## Available records
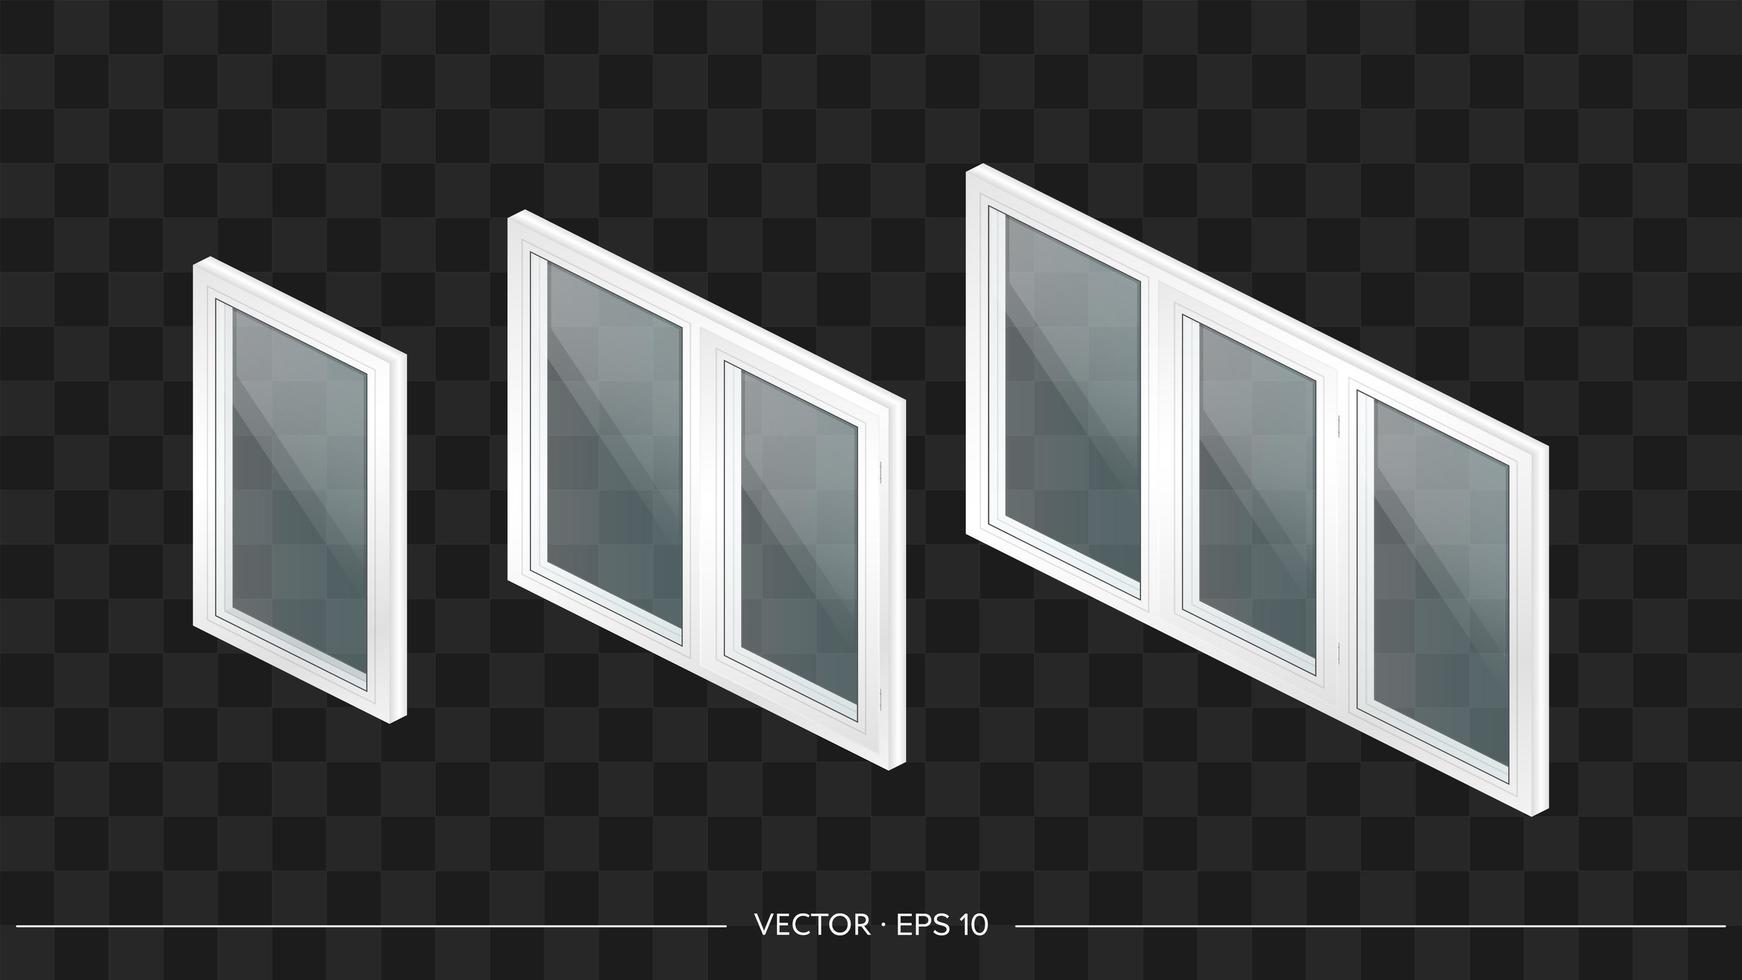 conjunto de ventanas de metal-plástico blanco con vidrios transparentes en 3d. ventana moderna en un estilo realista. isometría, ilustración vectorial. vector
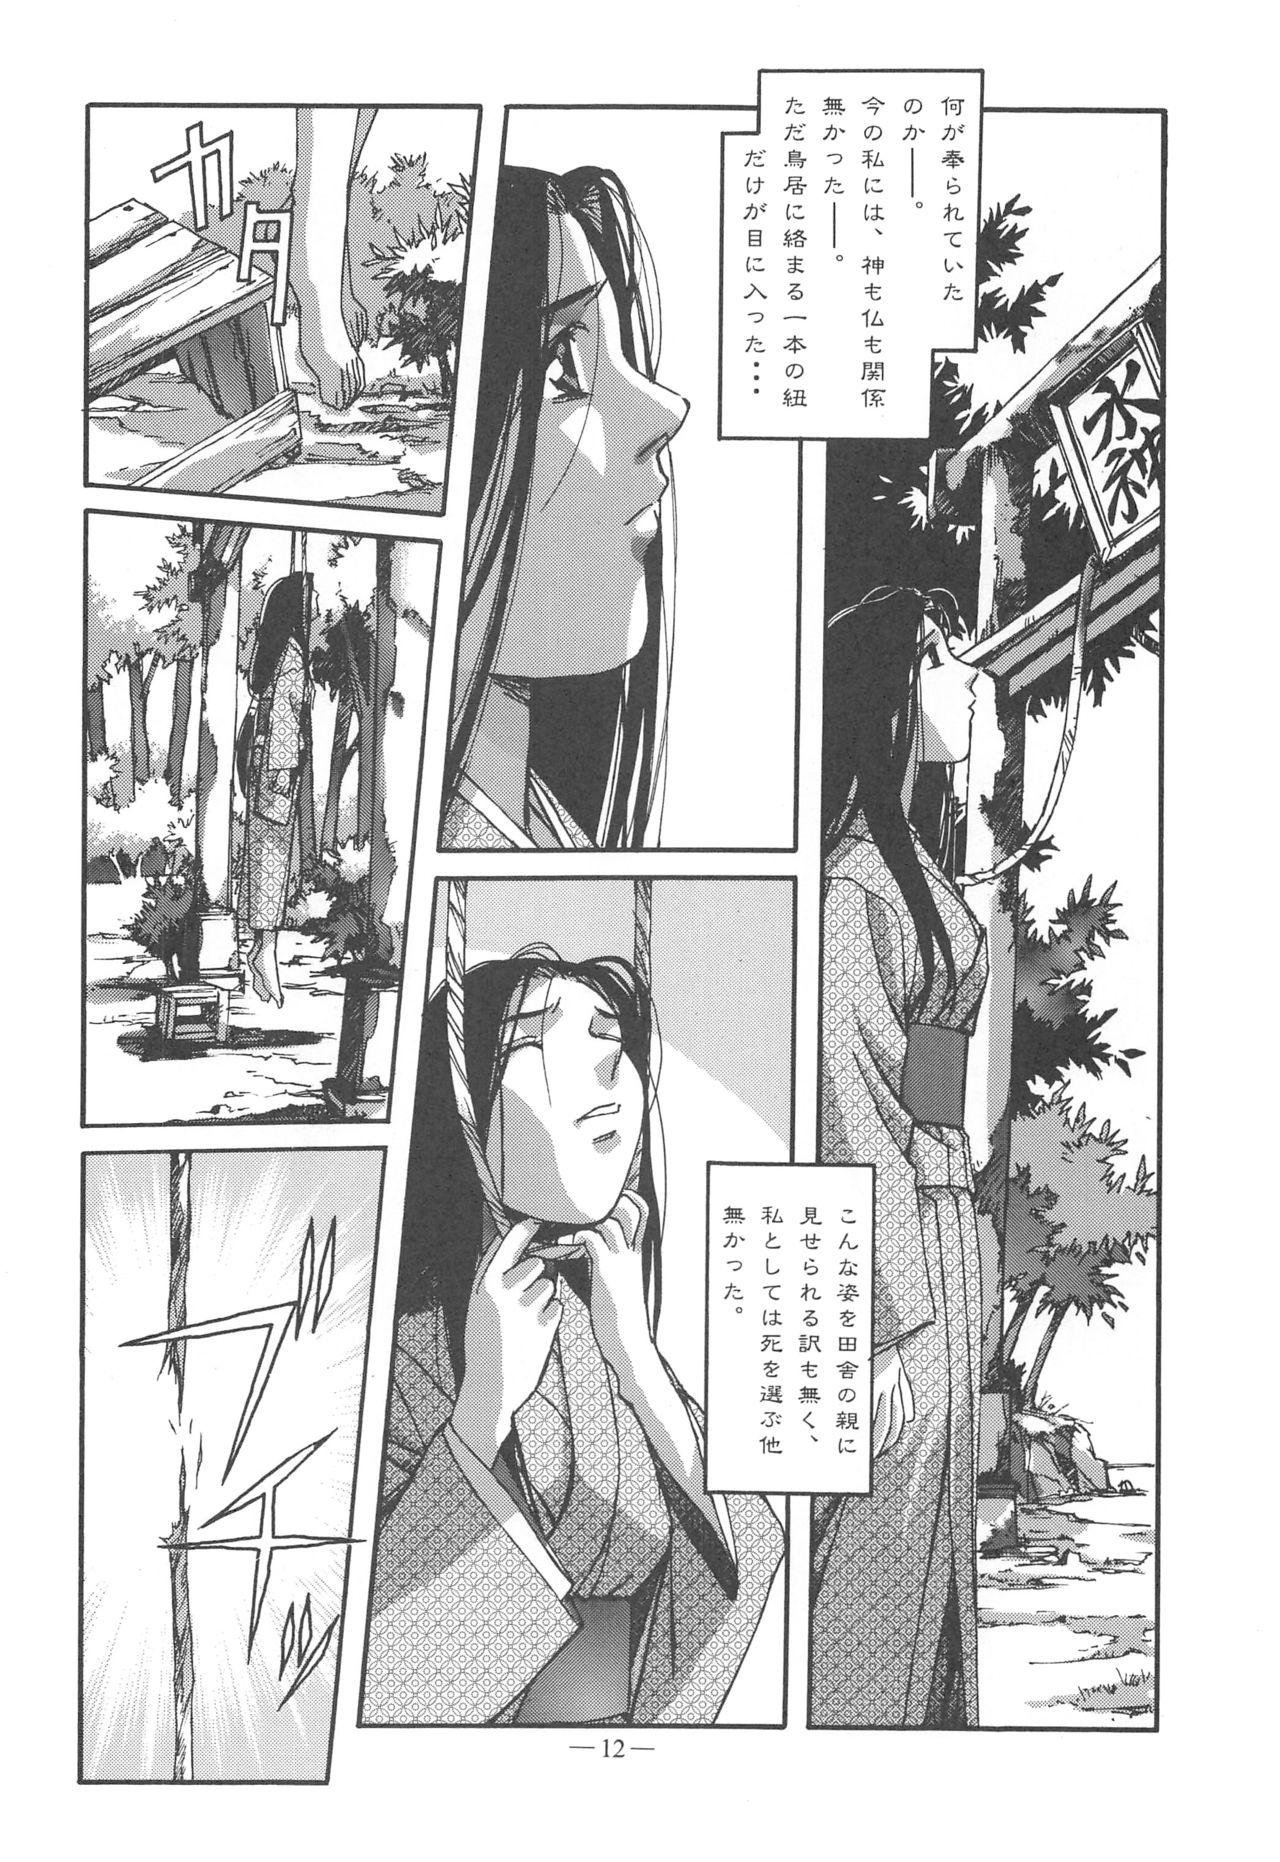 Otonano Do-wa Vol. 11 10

--

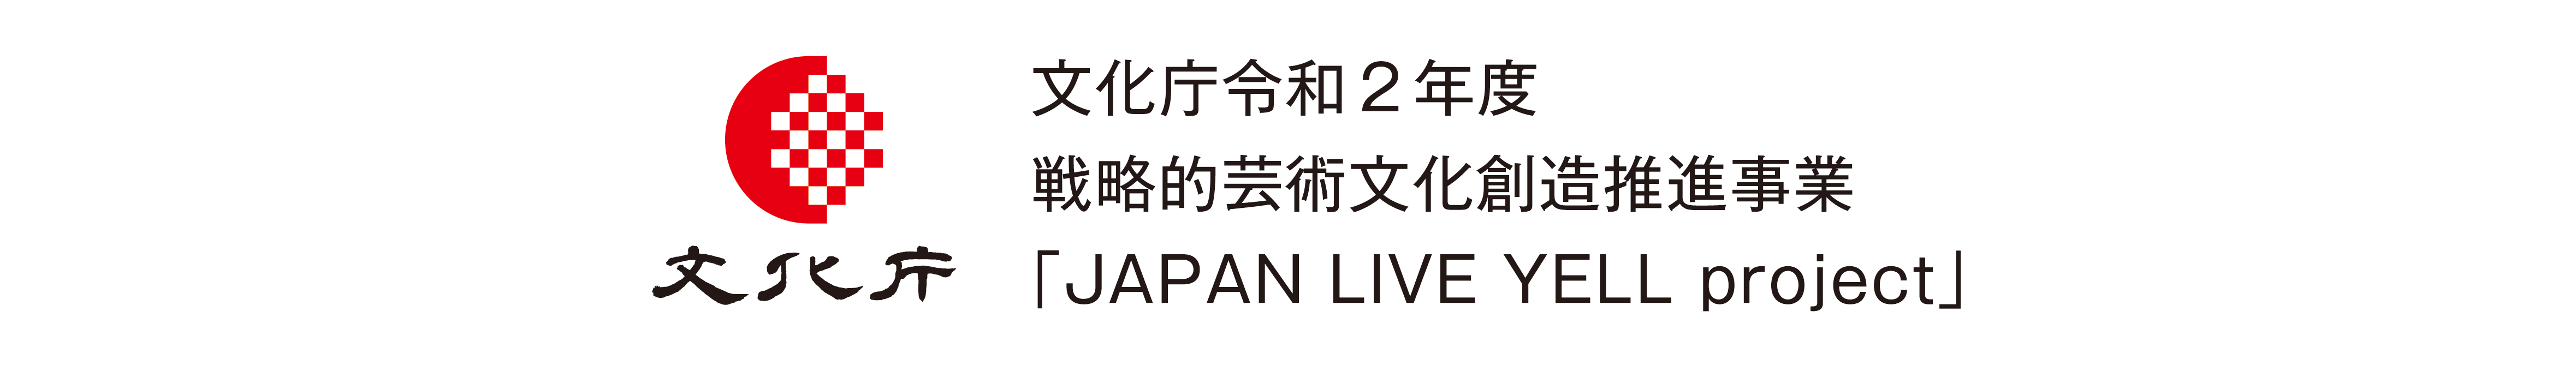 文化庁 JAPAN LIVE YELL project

## Problem
Starting at the line containing "conjunto de ventanas" and finishing at the line containing "Otonano Do-wa Vol. 11 10", return those lines exactly as they appear above, without the pictures.

## Output
 conjunto de ventanas de metal-plástico blanco con vidrios transparentes en 3d. ventana moderna en un estilo realista. isometría, ilustración vectorial. vector
 Otonano Do-wa Vol. 11 10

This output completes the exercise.